These are the values as of this writing. They may change in the future.

There has been a lot of hype regarding enormous input context windows, which has led to articles such as RAG is dead, long live RAG. When we refer to these huge context windows, we’re primarily referring to the input and not the output. Google Gemini 1.5 has a 1 million context window, however, the allowed output is only 8192 tokens. Similarly, OpenAI’s GPT-4 models have a 128k context window and only a 4096 token output.

Figure 1: Context Sizes of GPT-4 and Gemini 1.5 and their max output sizes

Initially, large context windows were untenable as they ate resources like fat kids eat cake – they were also unreliable, where the model would only remember the beginning and end of the input, while generally ‘forgetting’ the middle. This has improved over time, to the point of near perfect performance with these enormous context windows. From the Gemini 1.5 whitepaper, we see their needle-in-a-haystack(NiaH) performance to be stellar. It is able to locate key phrases and words within huge contexts. They use a 10 million token context window for their stress testing.

Figure 2: Gemini 1.5 Needle in a Haystack Performance (It is a multimodal model, so it is able to take audio and video as inputs as well)

While very impressive, many argue that NiaH is purely a vanity metric and that it in order to test the context window, you need real-world evaluations and the ability to test reasoning across this mass of data.

For shits and giggles, we’ll see how many tokens we’re working with here.

But first…

2.0.1 Tokens?

What the heck is a token anyways? Please skip this section if you’re a token master – or don’t if you fancy my prose, up to you.

I’m not going to describe byte-pair encodings(BPE) at length, but I will try to prime your intuition a bit. All current performant foundational models use BPE for their model inputs, so this should be relevant for maybe another, y’know, three hours(I jest).
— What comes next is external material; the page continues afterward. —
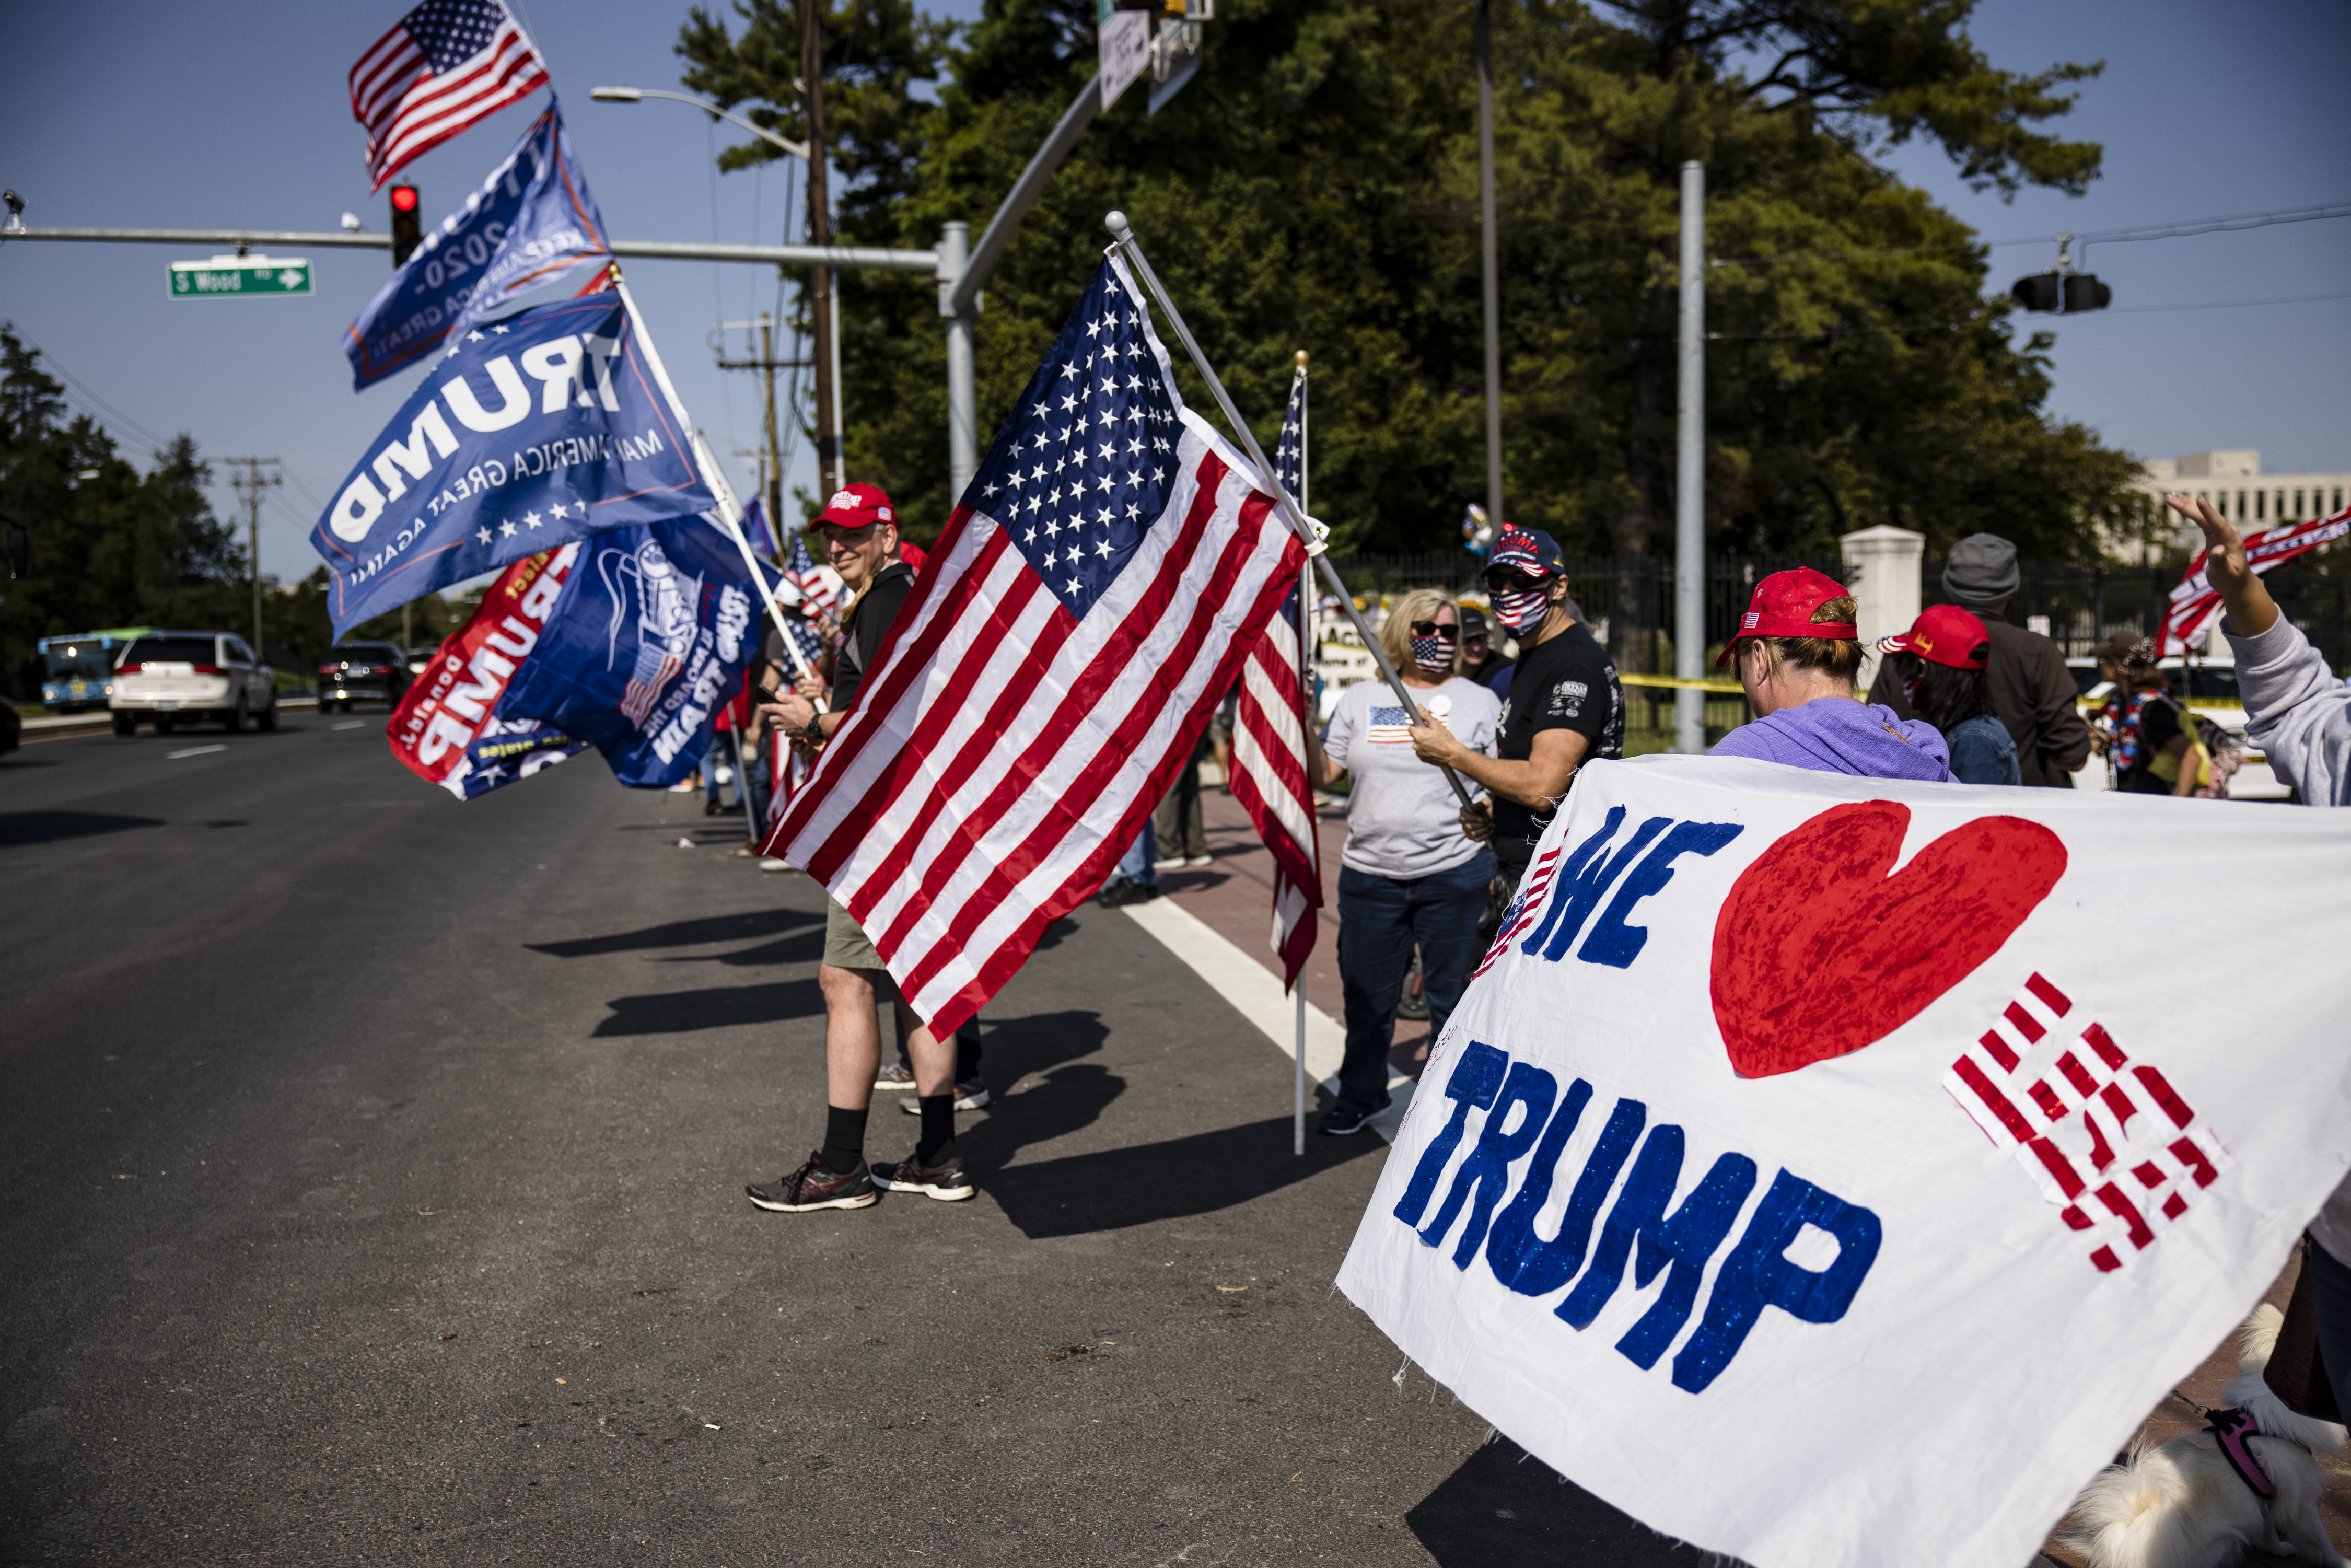 Donald Trump Greets Supporters Outside Of Hospital In Drive-By Photo-Op

OpenAI offers a fun little token visualizer tool.

Essentially, the tokens are determined by feeding a large corpus of data into an algorithm that is meant to extract a set amount of unique tokens by taking the most common sequences of words and iterating over them until the uniqueness constraint is satisfied. If we look at Fig. 3, we see that ***** is a single token, while [ is also a single token with its own unique numerical designation within the LLM. Some sequences of characters are commonly used, and so it makes sense to treat them as one token. Also, notice that the preceding spaces around the words are treated as part of the word token. Smiley faces are common enough that they also have earned their own token(at least that’s my interpretation of it). You can also see that token strings can be part of larger token strings as we see between ** and *****. Both are completely unique tokens to the model.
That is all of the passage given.